Итак.   A  и  Д  общей области  не  имеют, но  можно  сказать, что  они  связаны   через В операцией двойного  логического  сложения.

       Поначалу кажется, что  приблизительно  этот  смысл и передается у М. Эпштейна фразой       «Исходное и Результирующее взаимобращаются через выведенное в текст Промежуточное». Однако   из  приведенных  им поэтических примеров и особенно из комментария  к ним, где   метабола представлена  в качестве  двойной синекдохи, становится  ясно, что   М.Эпштейн пока   не склонен  толковать метаболу   столь  обобщенно. Метабола для него — «построение двух синекдох с одним общим элементом, так что два разных целых приравниваются или превращаются друг в друга благодаря общей части». И моделью   здесь  может   быть  лишь простое  логическое  сложение(А и В  в приведенной  схемке)— оно  как раз  и выявляет общую  часть   двух  множеств.

  Но   в   принципе ничто  не  мешает   вести речь   и  о  метаболах разного  порядка. Лишь жесткая ориентированность  на  поэтический  мир  не позволяет  М.Эпштейну  выйти  за  пределы  метабол  первого порядка —простое логическое сложение, двойная синекдоха, одна общая часть(  медиатор)  соединяет крайние члены метаболы( метаболиты). Хотя интуитивно он  чувствует в этом  понятии  значительно  большие возможности, что  и проявляется  в отдельных формулировках.  Но почему, действительно, не  допустить возможность  метаболы  второго  порядка  (двойное логическое сложение,  две двойных  синекдохи),когда обобщающим являются не только  медиаторы (их два), но  и  множество, к  которому они  принадлежат(на приведенной  выше схеме оно обозначено буквой  В).  Можно говорить и  о  метаболах  более высокого  порядка.  В   частности, в метаболе  третьего  порядка  мы  будем  иметь  дело  с тройным логическим  сложением и тремя  медиаторами,   не  принадлежащими  к одному множеству —  уже   два  множества оказываются между  крайними метаболитами    и   от-страненность  последних   друг от друга  становится еще  более значительной…

Эту схему  можно продолжить  и в другую  сторону, поскольку   простую синекдоху  вполне можно  понимать  как метаболу нулевого порядка, как вырожденную  метаболу -  медиатор   отсутствует,  он  виртуален,  роль второго   метаболита как бы выполняет сам медиатор… Метабола  оказывается, таким образом,   мощным обобщением одного из  видов  метонимии— синекдохи.
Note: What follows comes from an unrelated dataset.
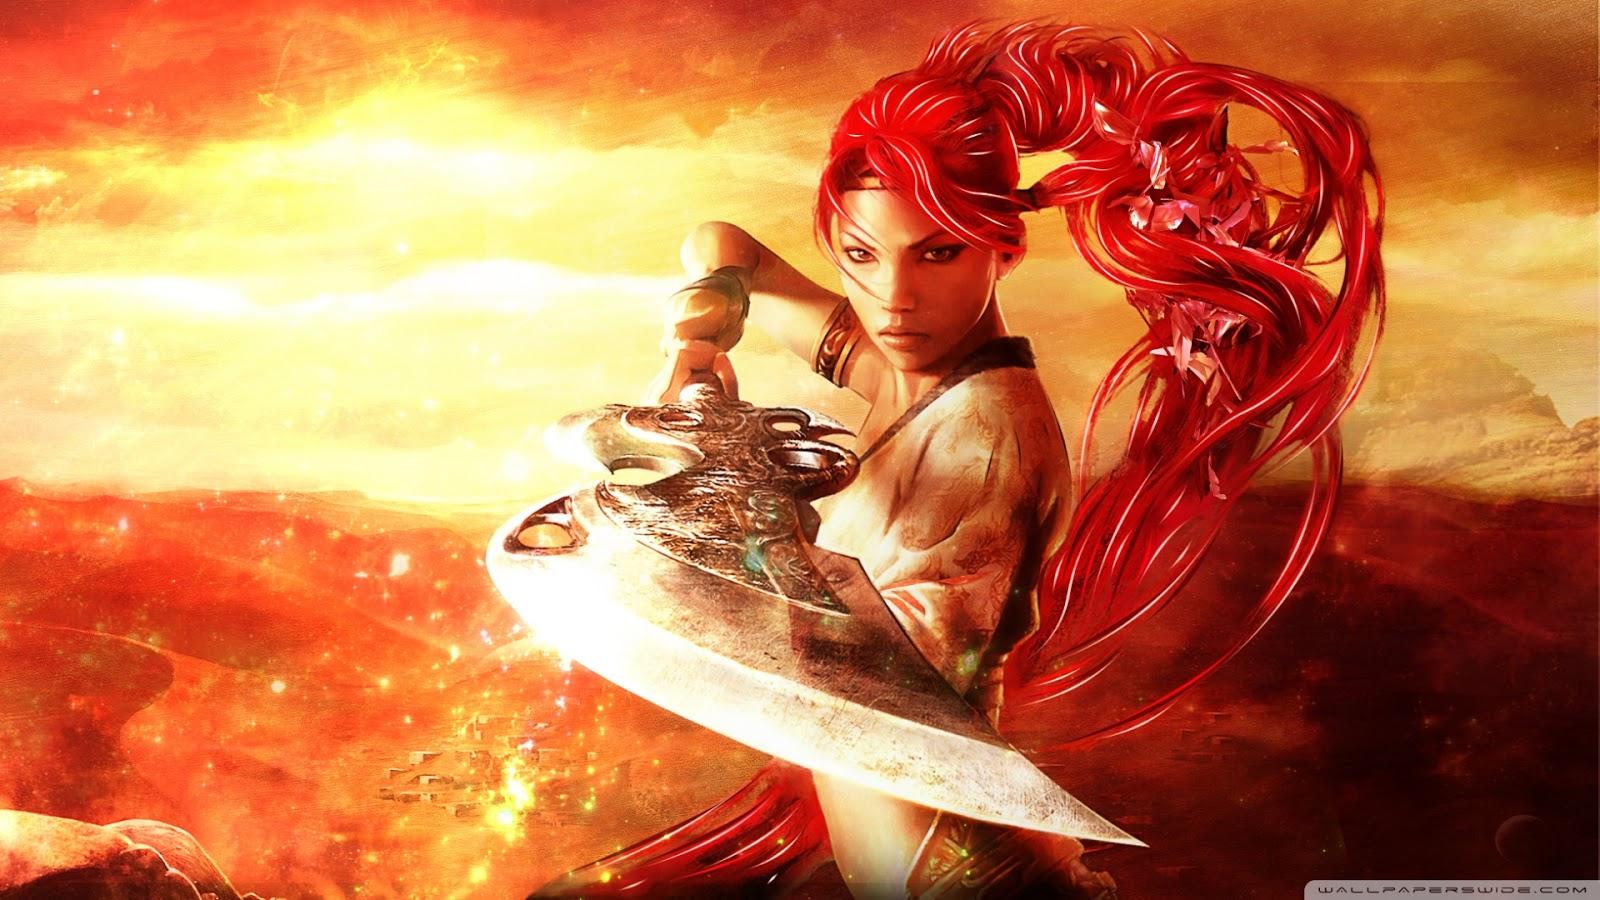 High Resolution Wallpaper | Heavenly Sword 1600x900 px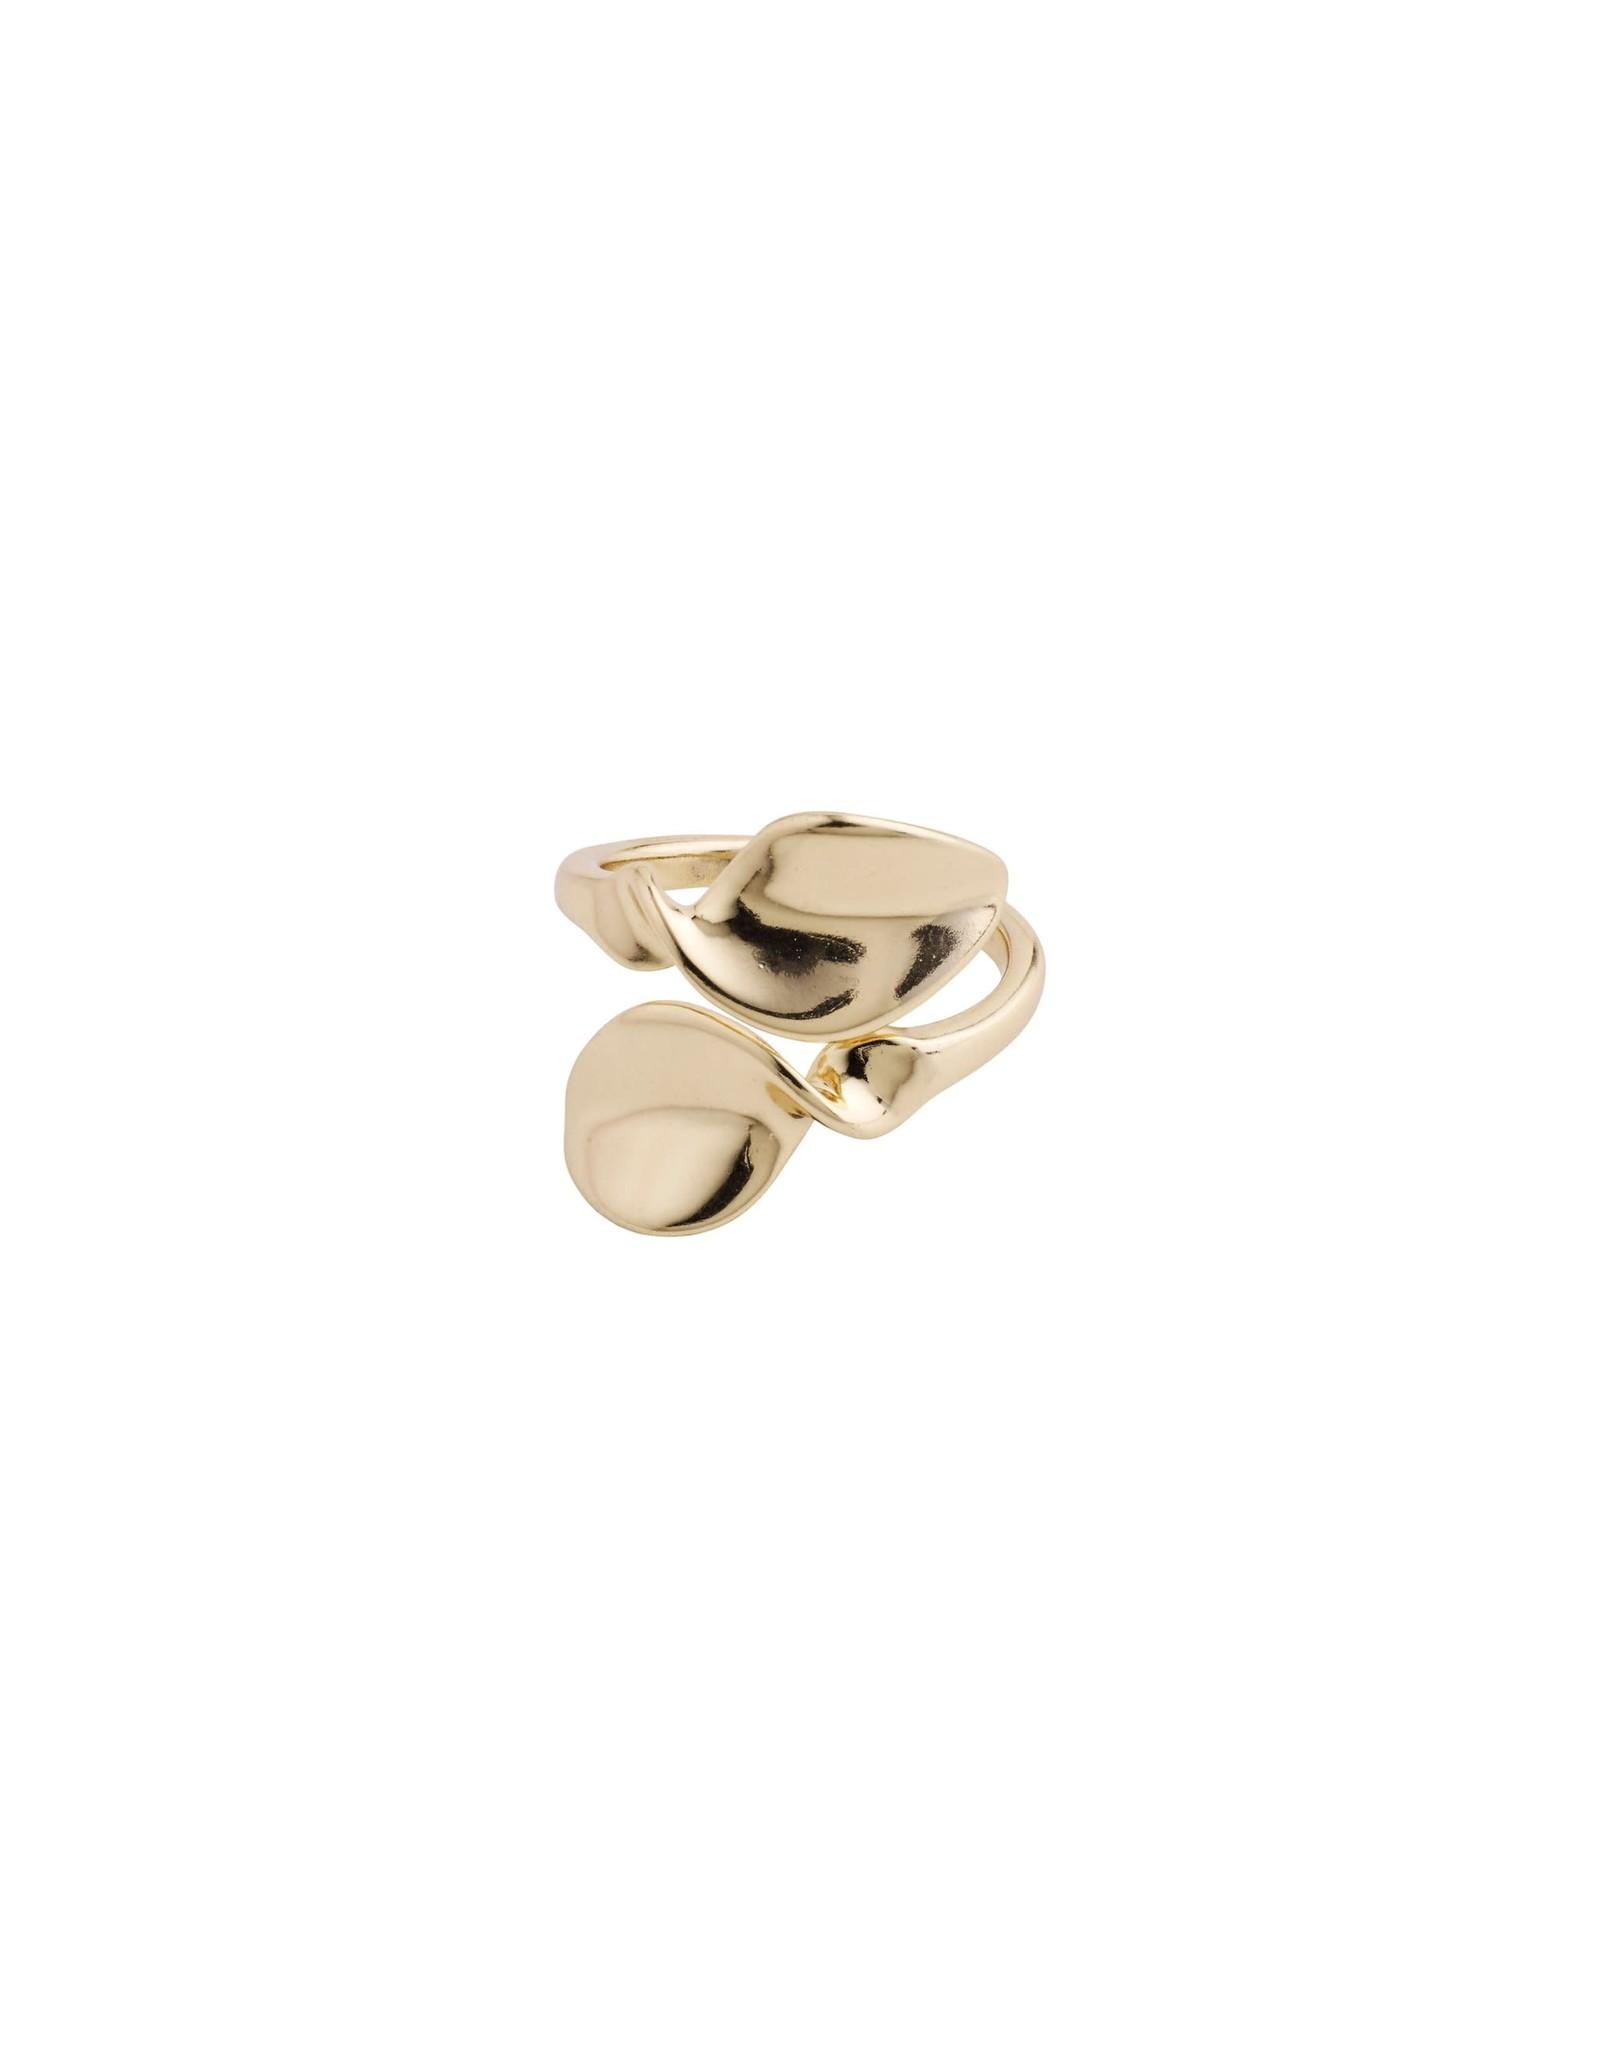 Pilgrim Pilgrim Hollis Ring Gold Plated

А если     учесть, что  в некоторых современных  построениях  синекдоха   есть  главный  претендент  на место  «первотропа», то     метабола,    в конце  концов,   может оказаться  и  обобщением    тропа как такового…

В   романе « Горизонт событий» Ирина Николаевна  Полянская    не только задолго до М. Эпштейна   фактически открыла метаболу, но и дала  блестящий образец ее  высокохудожественной  реализации в   прозаическом  произведении... Причем, сделано это  было на   метаболах высоких  порядков (не ниже  второго). Более того, она  замкнула  многие из  своих  метаболических  цепей(кольцевая   метабола— последний метаболит  совпадает  с первым)…. Она  позволила  им  пересекаться и,  в  конце  концов, создать   сеть, искривленную в  пространстве  метаболическую  поверхность, которая  и  стала  по существу  несущей структурой  ее удивительного   романа. Структурой  и в самом деле «нецентрированной,  неиерархической, необозначающей», «определяемой только циркуляцией состояний». Такой  ризомой, пред которой спасовало бы  даже буйное воображение Делеза и Гваттари.

 

 

4.     Триумф  «Ай-Петри».

         Возникает  вполне  естественный   вопрос,   а   зачем  все  это  и    причем  тут  «Воробей»  А. Иличевского?..   Что  все  это  соединяет, и  не  пора ли поближе  к  делу?...  Вот  теперь   -  самая  пора.   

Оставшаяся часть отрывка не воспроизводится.